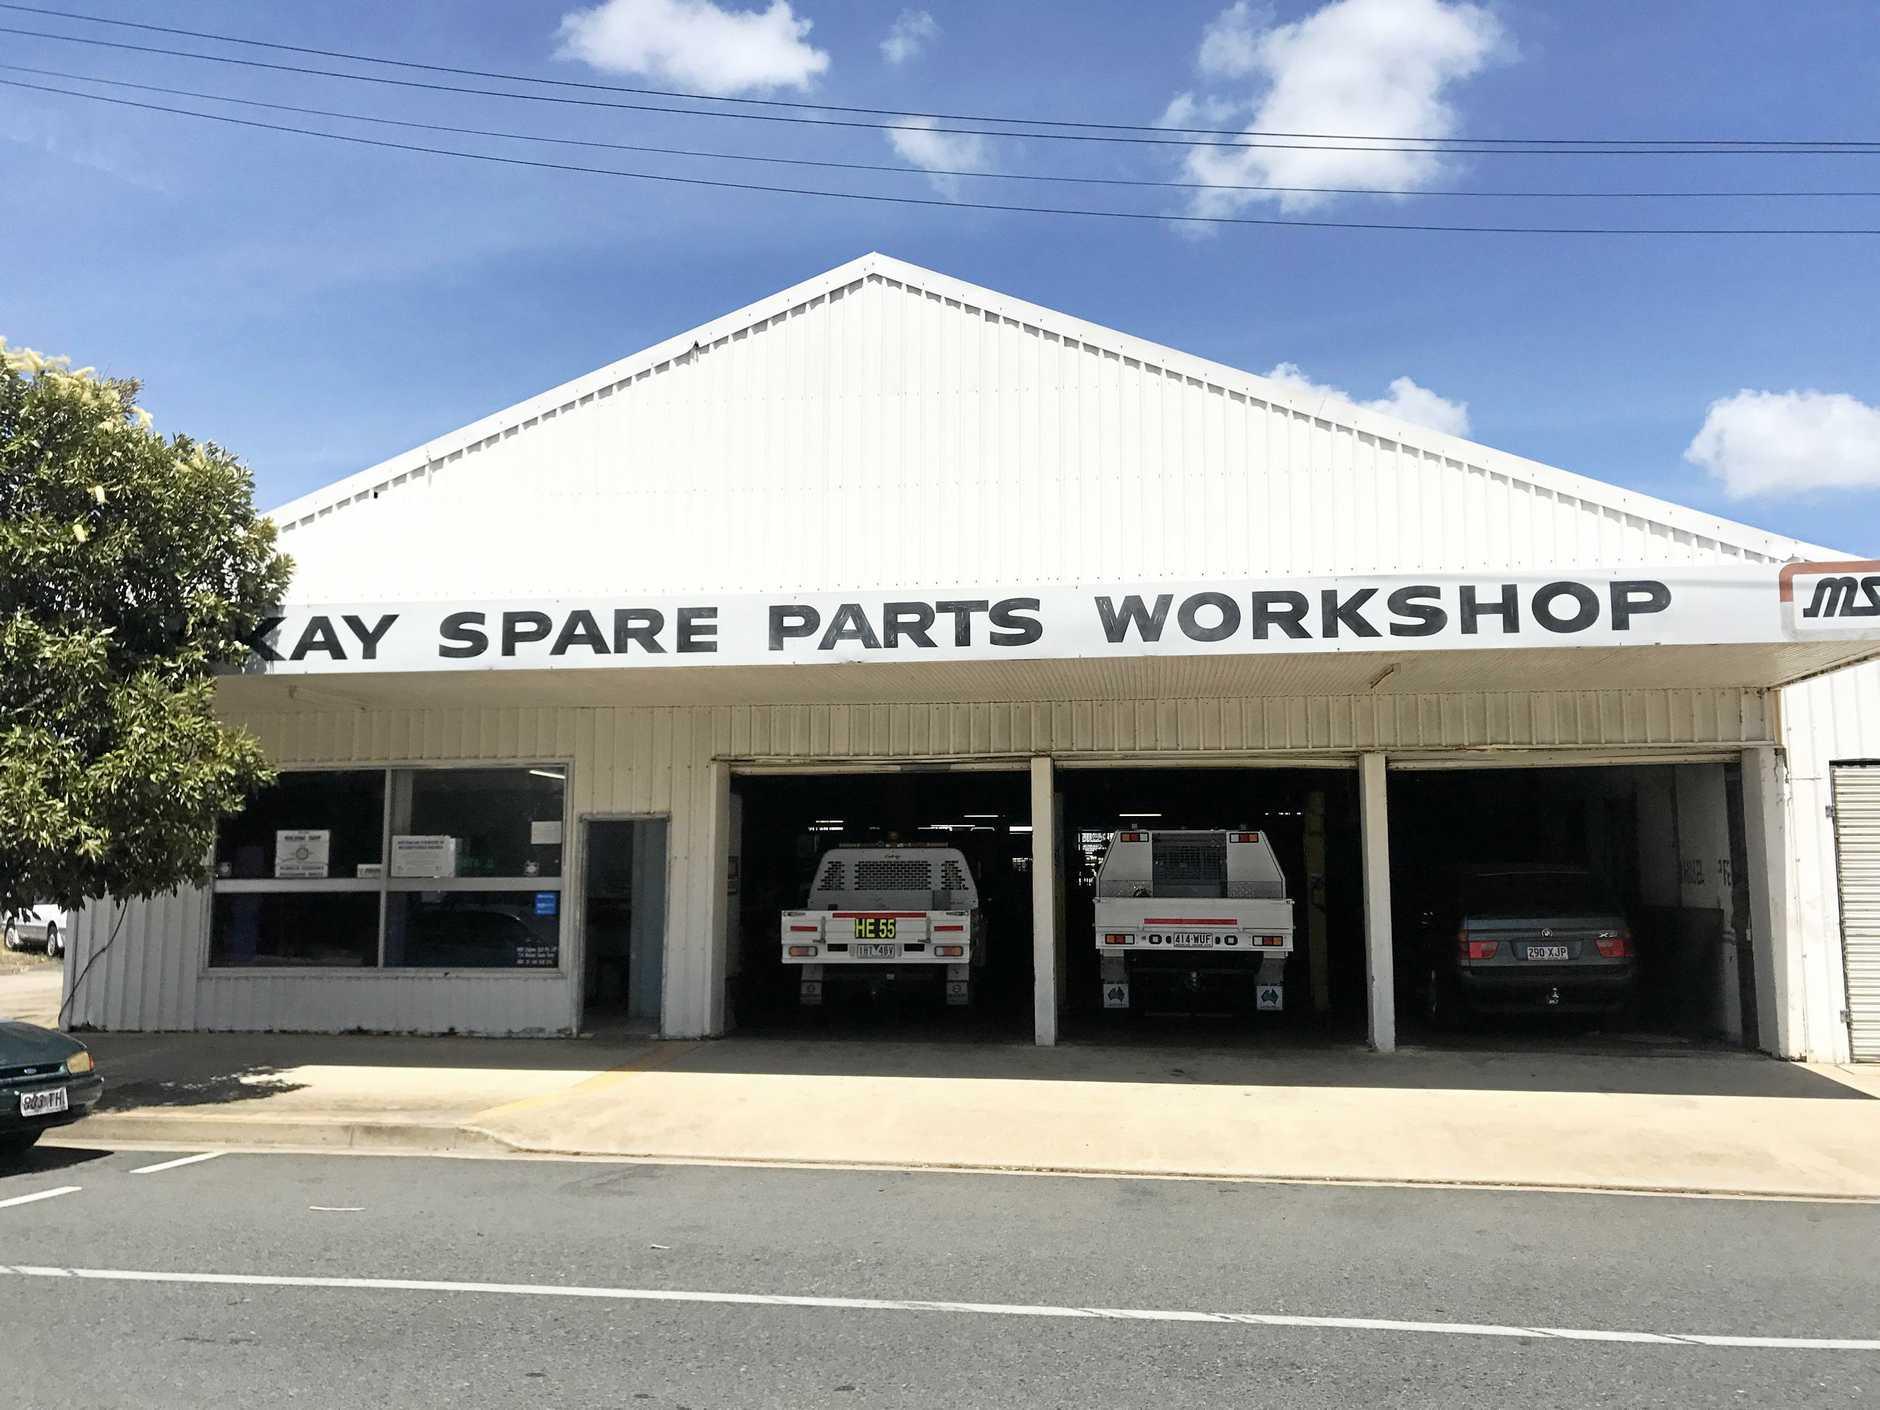 Mackay Spare Parts Workshop site.
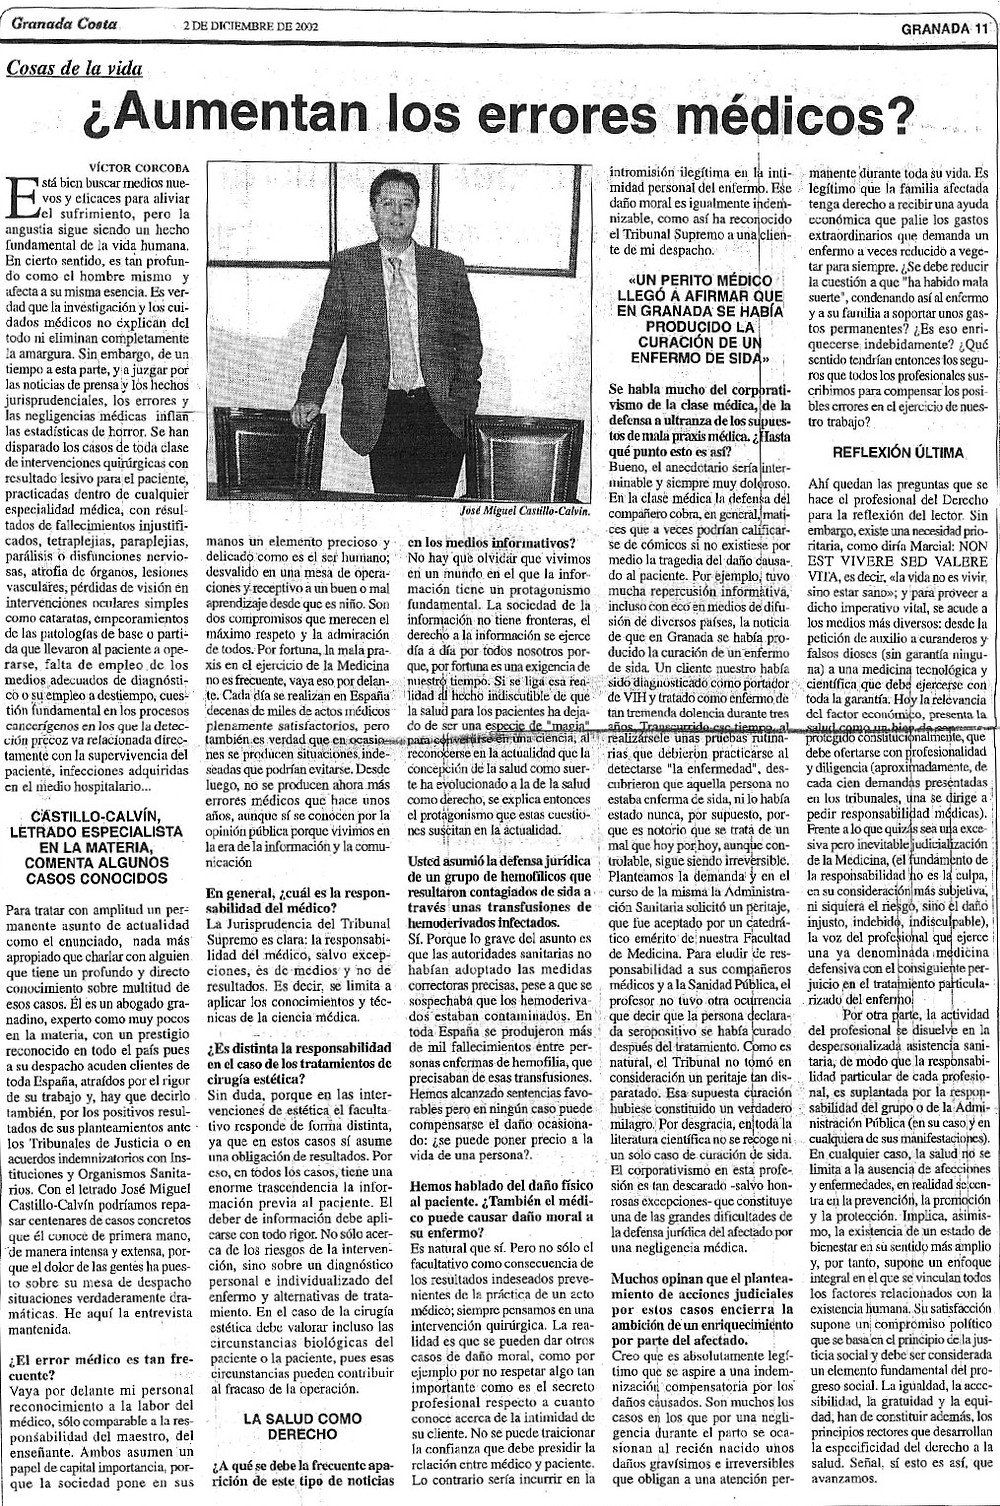 abogados casos de negligencias médicas. Castillo Calvin Abogados Madrid Granada
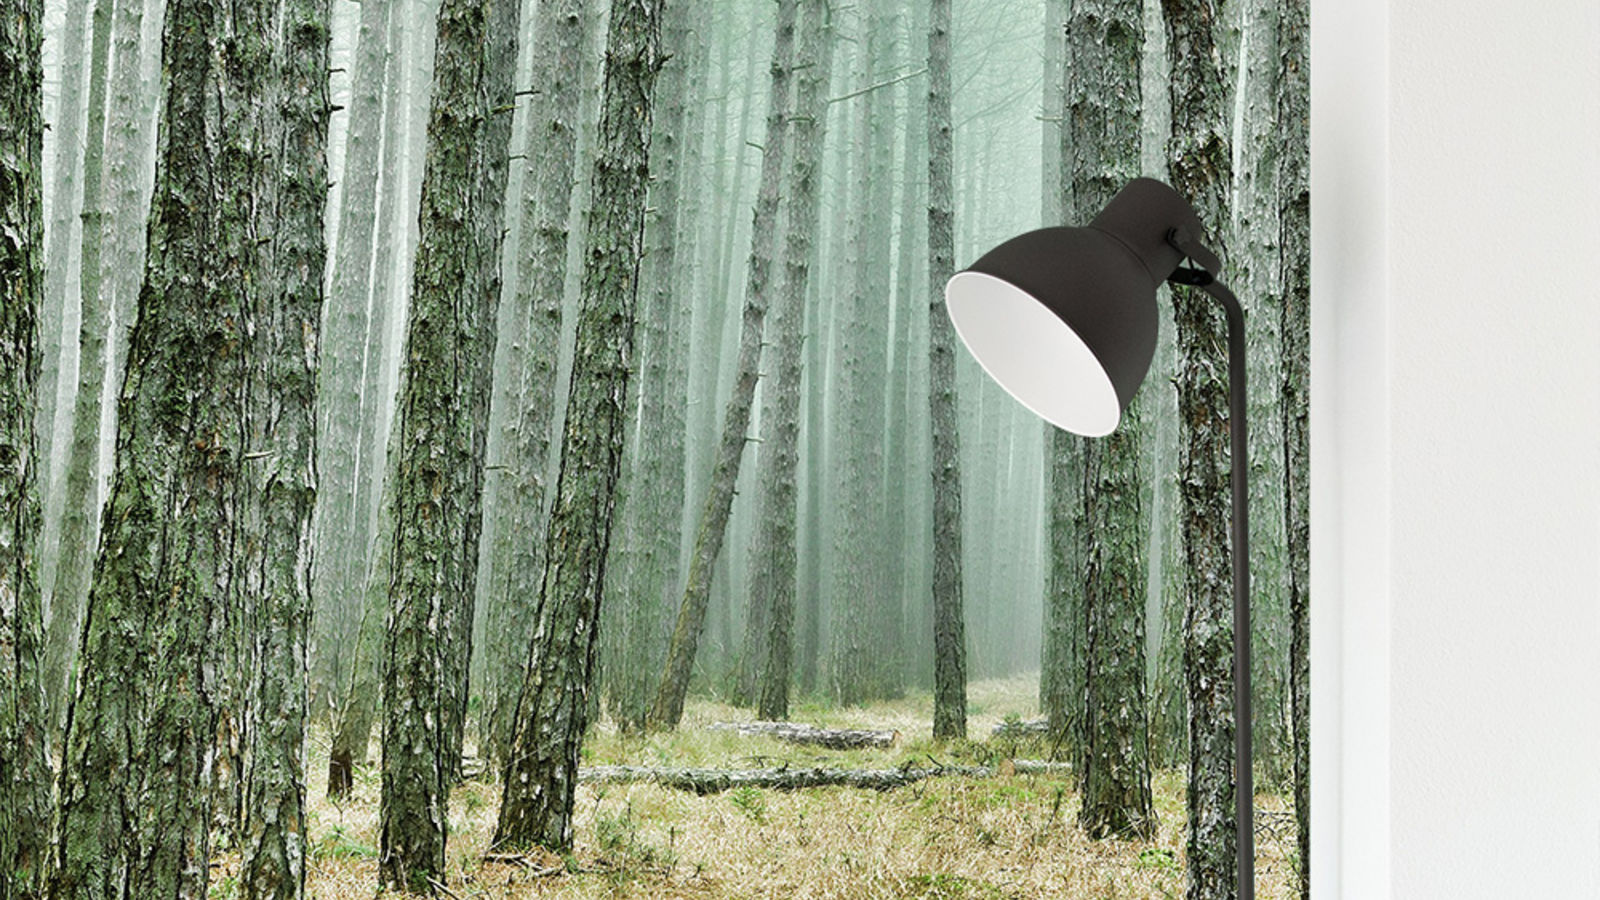 Fototapete Wald im XXL-Format selbst gestalten

→ **Exercise directions**
Please write out the lines from the one that holds "abogados casos de" through the end of the material, both ends included, exactly and with no pictures.

→ **Result of the task**
 abogados casos de negligencias médicas. Castillo Calvin Abogados Madrid Granada
 Fototapete Wald im XXL-Format selbst gestalten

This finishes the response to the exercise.